=== Information supplied ===

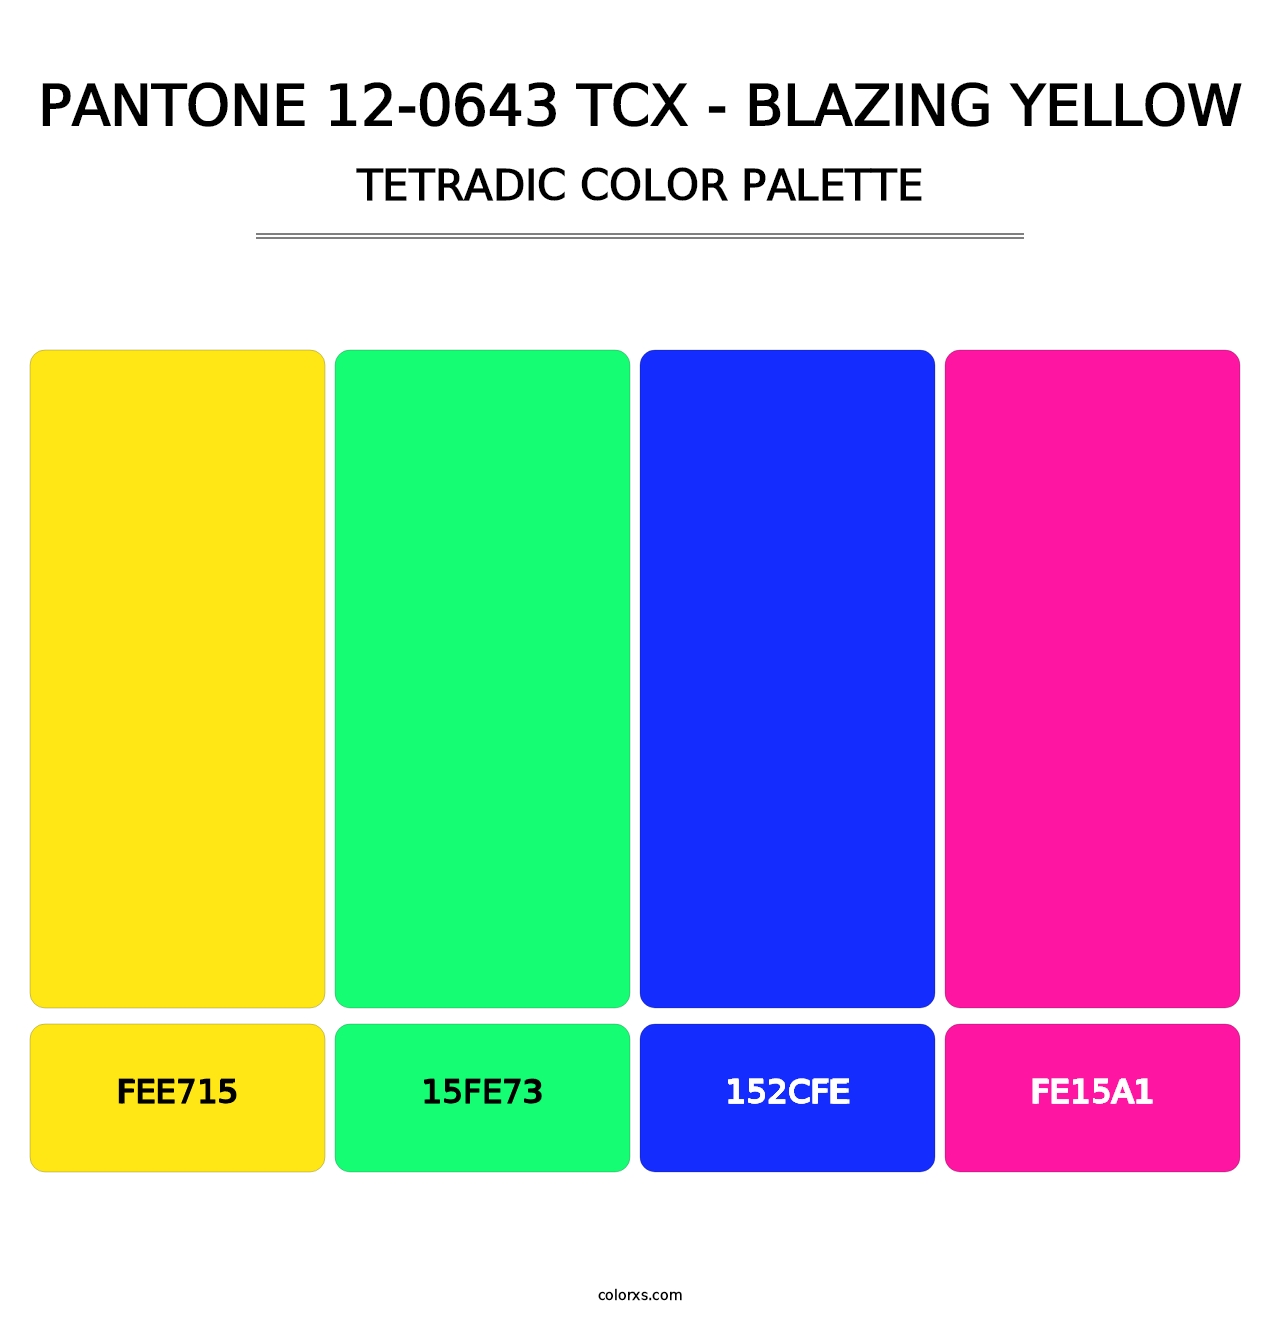 PANTONE 12-0643 TCX - Blazing Yellow - Tetradic Color Palette
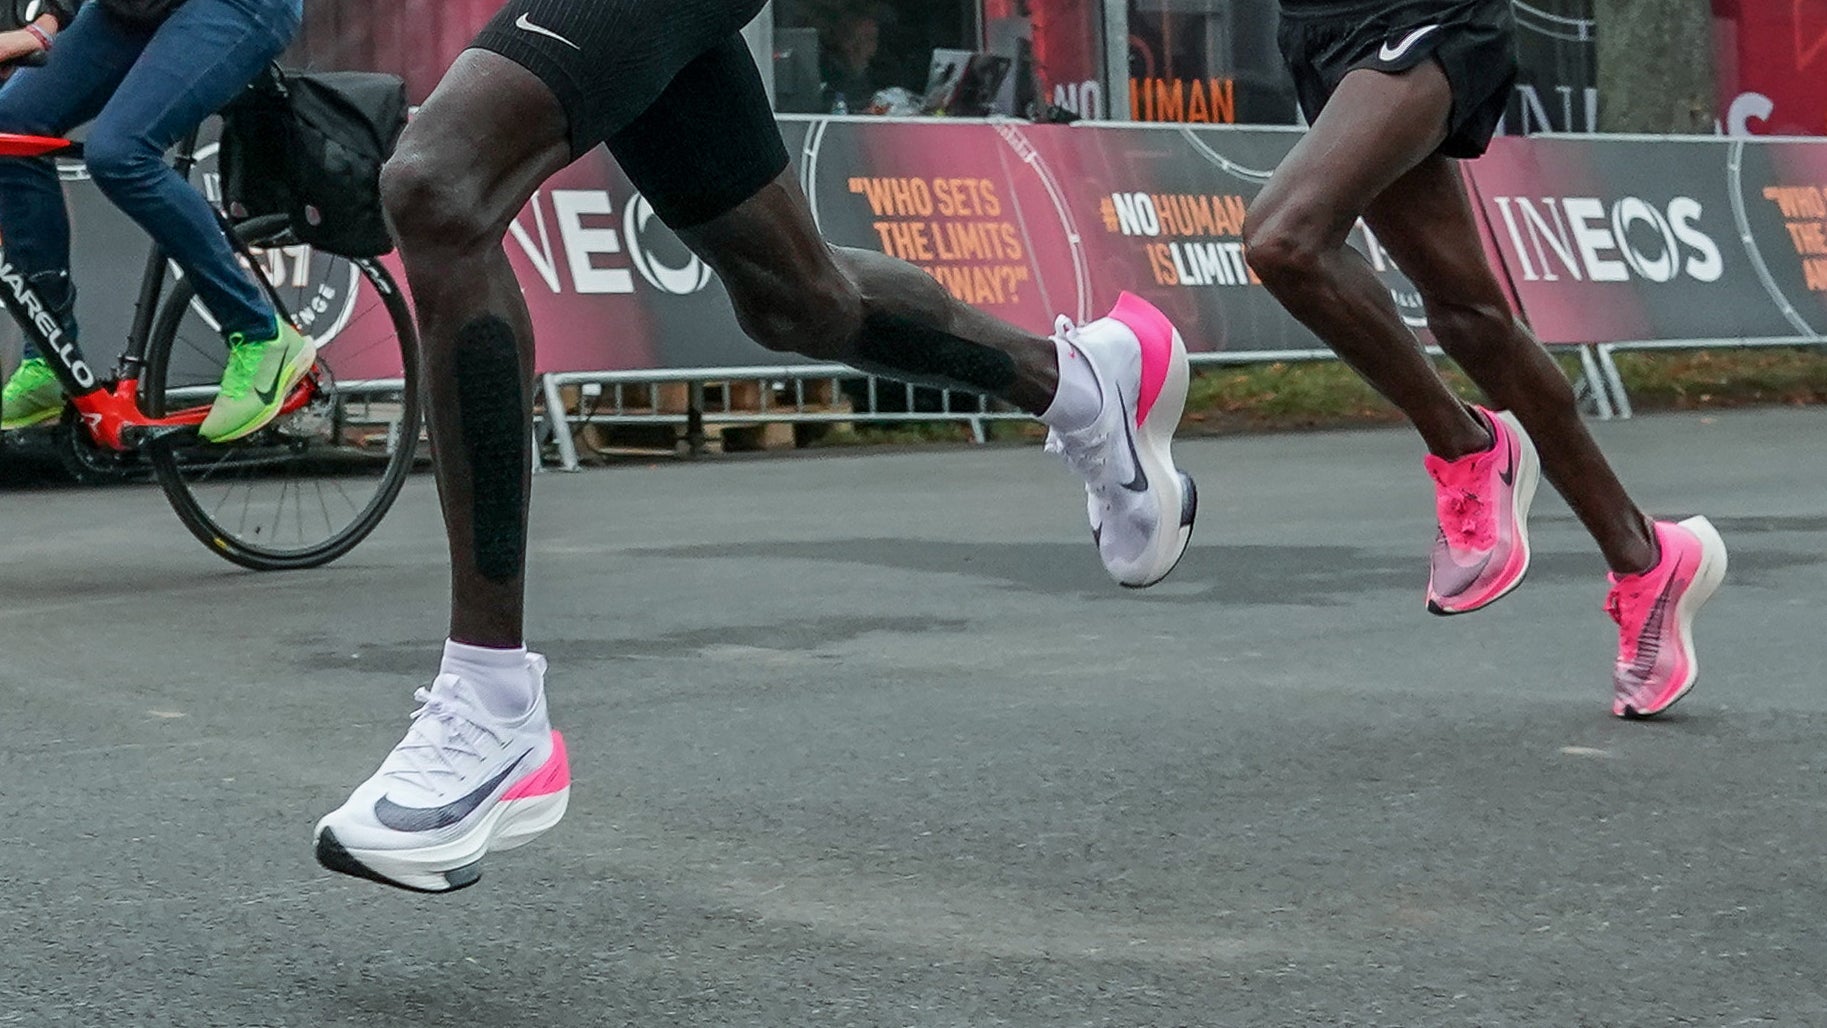 Sensual Nike Alphafly Images Captivate Athletes and Non-Athletes Alike
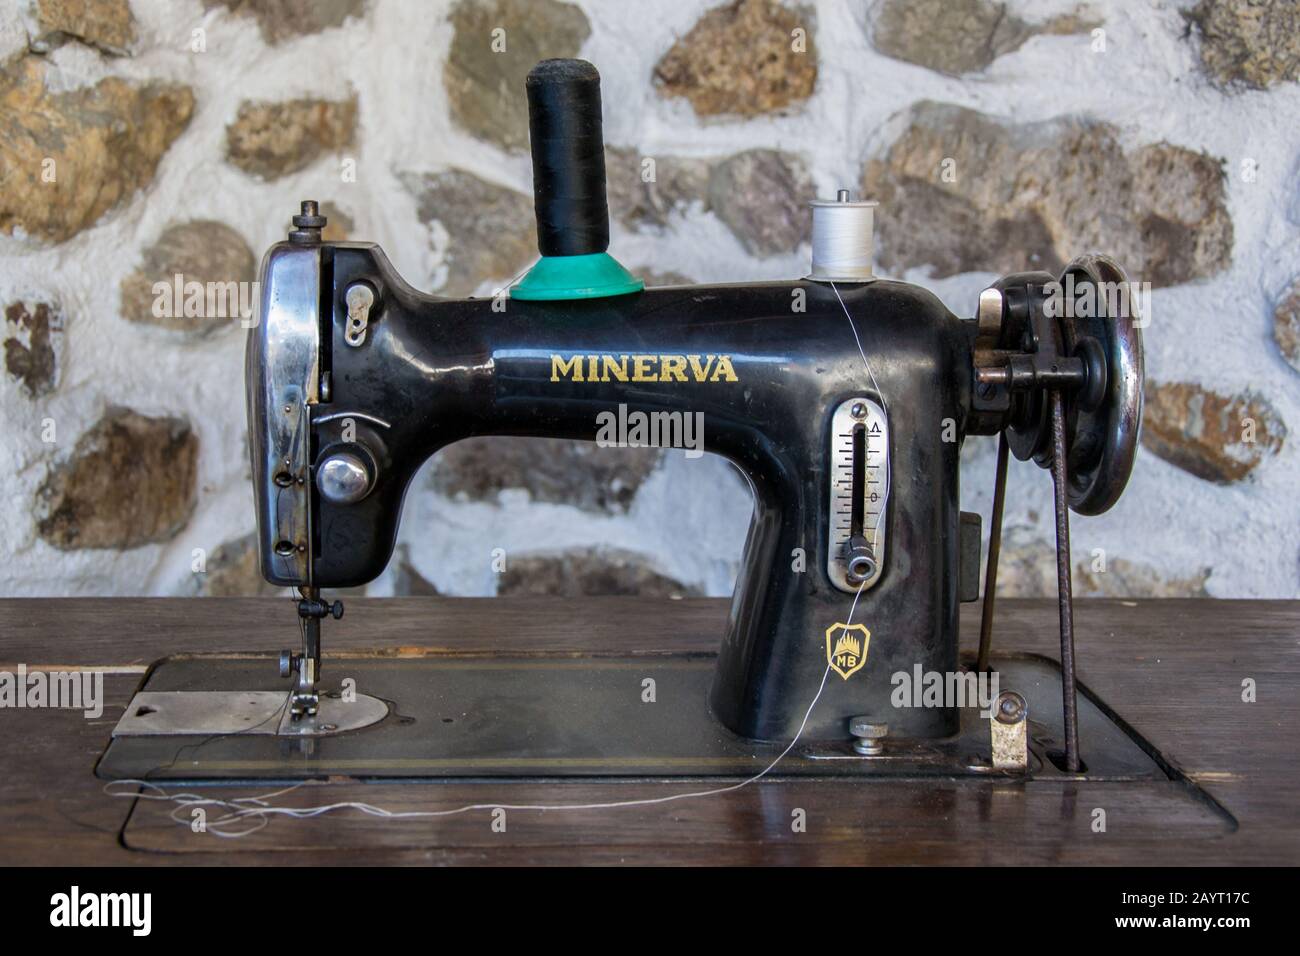 Klassische Nähmaschine, antike Minerva Stockfotografie - Alamy
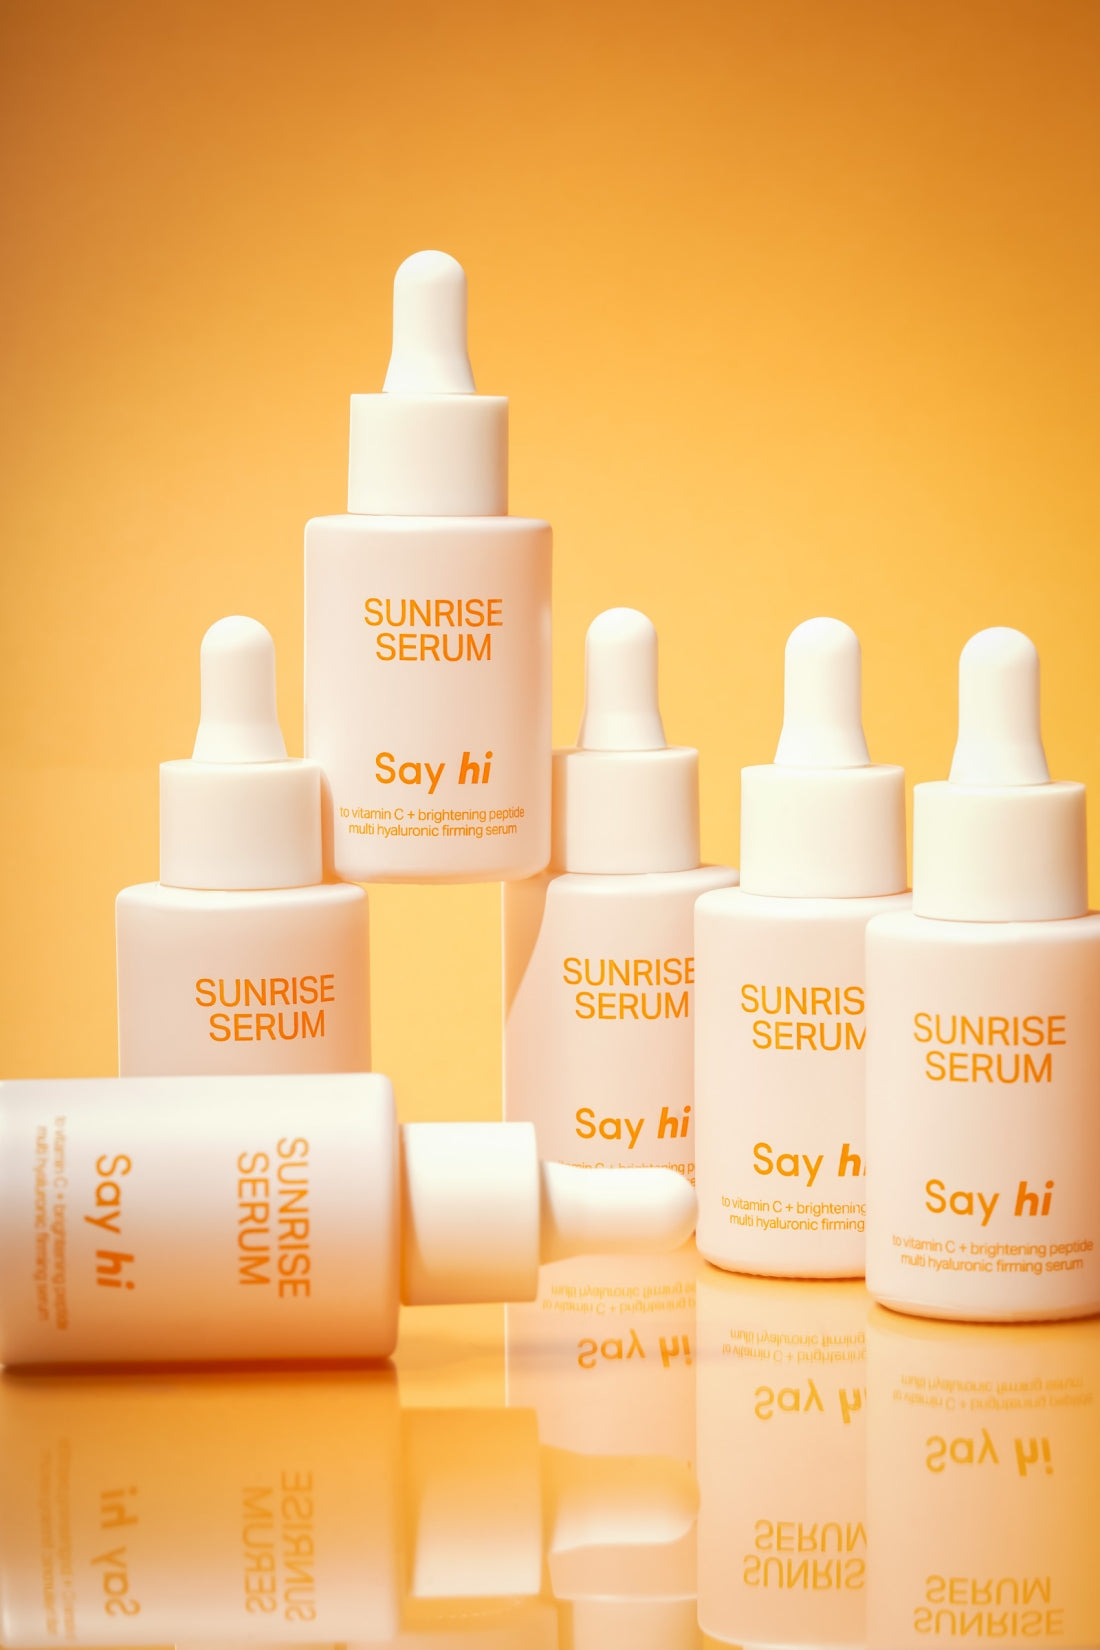 SUNRISE SERUM vitamin C + brightening peptide multi hyaluronic firming serum

===

■ Goal of the exercise:
Exclude every picture, then reproduce the remaining data character for character.

■ Answer to this problem:
 PANTONE 12-0643 TCX - Blazing Yellow - Tetradic Color Palette
 Sensual Nike Alphafly Images Captivate Athletes and Non-Athletes Alike
 Klassische Nähmaschine, antike Minerva Stockfotografie - Alamy
 SUNRISE SERUM vitamin C + brightening peptide multi hyaluronic firming serum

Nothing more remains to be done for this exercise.